3) P/B Ratio(X₃): Price-to-Book (P/B) ratio compares a company’s current market value to its book value (Indrayono, 2019). And the book value is defined as the value of all assets minus liabilities owned by a company. That is:

$\text{P/B Ratio}=\frac{\text{Market Value Per Share}}{\text{Book Value Per Share}}\mathrm{.}$

4) P/E Ratio(X₄): Price-to-Earnings (P/E) ratio is the ratio that measures the current price of a stock concerning its earnings per share (Shen, 2000) and is given by:

$\text{P/E Ratio}=\frac{\text{Current Price Per Share}}{\text{Earnings Per Share}}\mathrm{.}$

5) PEG Ratio(X₅): Price-Earnings-to-Growth (PEG) ratio is the stock’s Price-to-Earnings (P/E) Ratio divided by the growth rate of its earnings for a specified period (Meher & Sharma, 2015) and is given by:

$\text{PEG Ratio}=\frac{\text{P/E Ratio}}{\text{Annual EPS Growth}}\mathrm{.}$

6) Dividend Yield(X₆): Dividend Yield (Div_Yield) is the percentage measure of the company’s share price that it pays out in dividends each year and is given by:

$\text{Dividend Yield}=\frac{\text{Annual Dividend Per Share}}{\text{Current Share Price}}\mathrm{.}$

7) Interest Rate(X₇): The US Federal Fund Rate is used.
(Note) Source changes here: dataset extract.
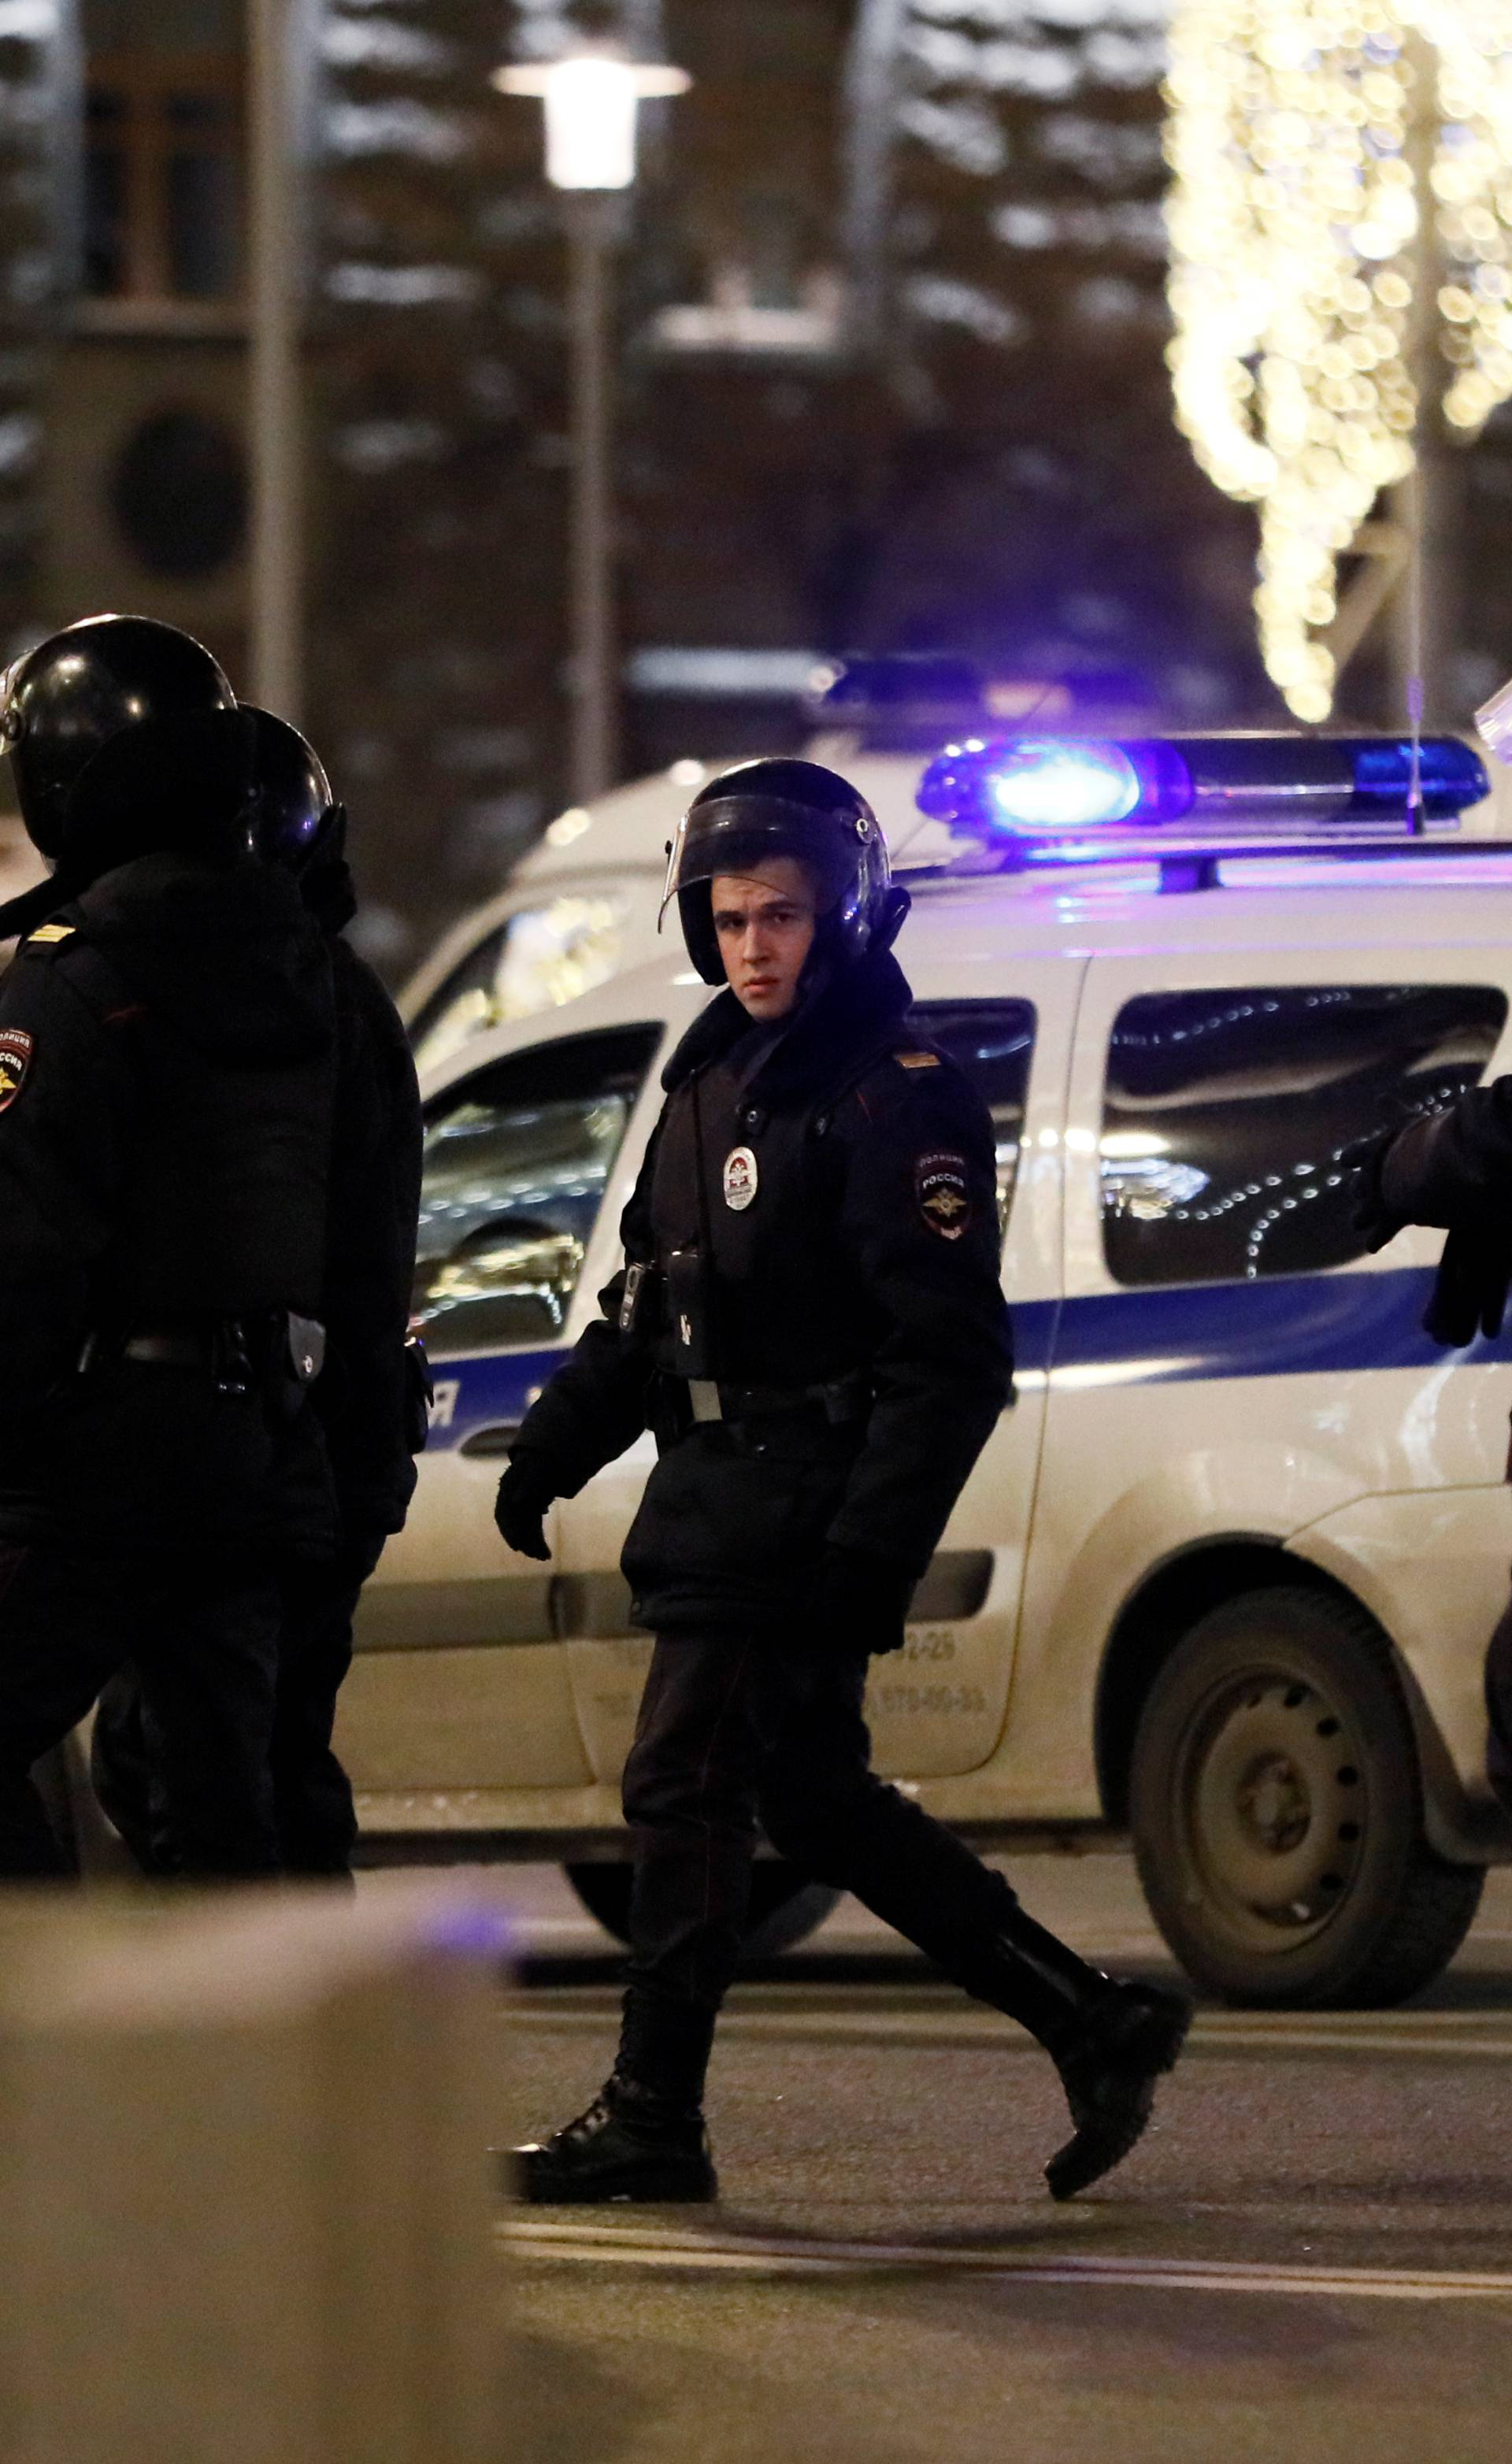 Teroristički napad u Moskvi jučer je izveo Rus 'usamljenik'

It is the target interest rate set by the Federal Open Market Committee (Chen, 2024). This target is the rate at which the Fed suggests commercial banks borrow and lend their excess reserves to each other overnight.

8) US ICS(X₈): The Michigan Survey Research Center has developed the Index of Consumer Sentiment (ICS) to measure the confidence or optimisim (passimism) of consumers in their future well-being and coming economic condition (Charoenrook, 2005). The ICS measures short and long-term expectations of business conditions and the individual’s perceived economic well-being.

9) US PSR(X₉): The US Bureau of Economic Analysis (BEA) publishes the US Personal Saving Rate. The US Personal Saving Rate is the personal saving rate as a percentage of personal income. It is a percentage measure of individuals’ income left after they pay taxes and expenditures (Marquis, 2002).

10) US GDP(X₁₀): Gross Domestic Product (GDP) of the United States (in billion) is used. GDP is defined as the measure of monetary value of all finished goods and services made within a country during a specific period (Callen, 2008). The components of GDP include personal consumption expenditures (C), business investments (I), government spending (G), exports (X), and imports (M). That is:

$\text{GDP}=C+I+G+\left(X-M\right)\mathrm{.}$

3. Overview of Response Surface Analysis-Desirability Function Approach

The response surface analysis based on the desirability function is a method used in industry for the optimization of multiple response processes. The desirability function, initially formulated by Harrington (1965) and further developed by Derringer and Suich (1980), is a method employed for optimizing factors. The Desirability Function Approach (DFA) serves as a strategy for optimizing responses by transforming them into a dimensionless desirability value. This approach enables the optimization of responses in relation to controllable input factors. The values of the desirability functions lie between 0 and 1. The value 0 is attributed when the factors give an undesirable response, while the value 1 corresponds to the optimal performance for the important factors (Derringer & Suich, 1980). Let $y\left(x\right)$ and $d\left(y\right)$ be the response and the desirability function, respectively. For each response $y_i\left(x\right)$ , a desirability function $d_i\left(y\right)$ assigns numbers between 0 and 1 to the possible values of $Y_i$ , with $d_i\left(y_i\right)=0$ representing a completely undesirable value of $y_i$ and $d_i\left(y_i\right)=1$ , representing a completely desirable or ideal response value. The individual desirabilities are then combined using the geometric mean, which gives the overall desirability D, that is:

$D={\left(d_1\left(y_1\right)d_2\left(y_2\right)\cdots d_k\left(y_k\right)\right)}^{1/p}={\left[{\displaystyle \prod _{i=1}^k}{d}_i\left(y_i\right)\right]}^{1/p},$ (1)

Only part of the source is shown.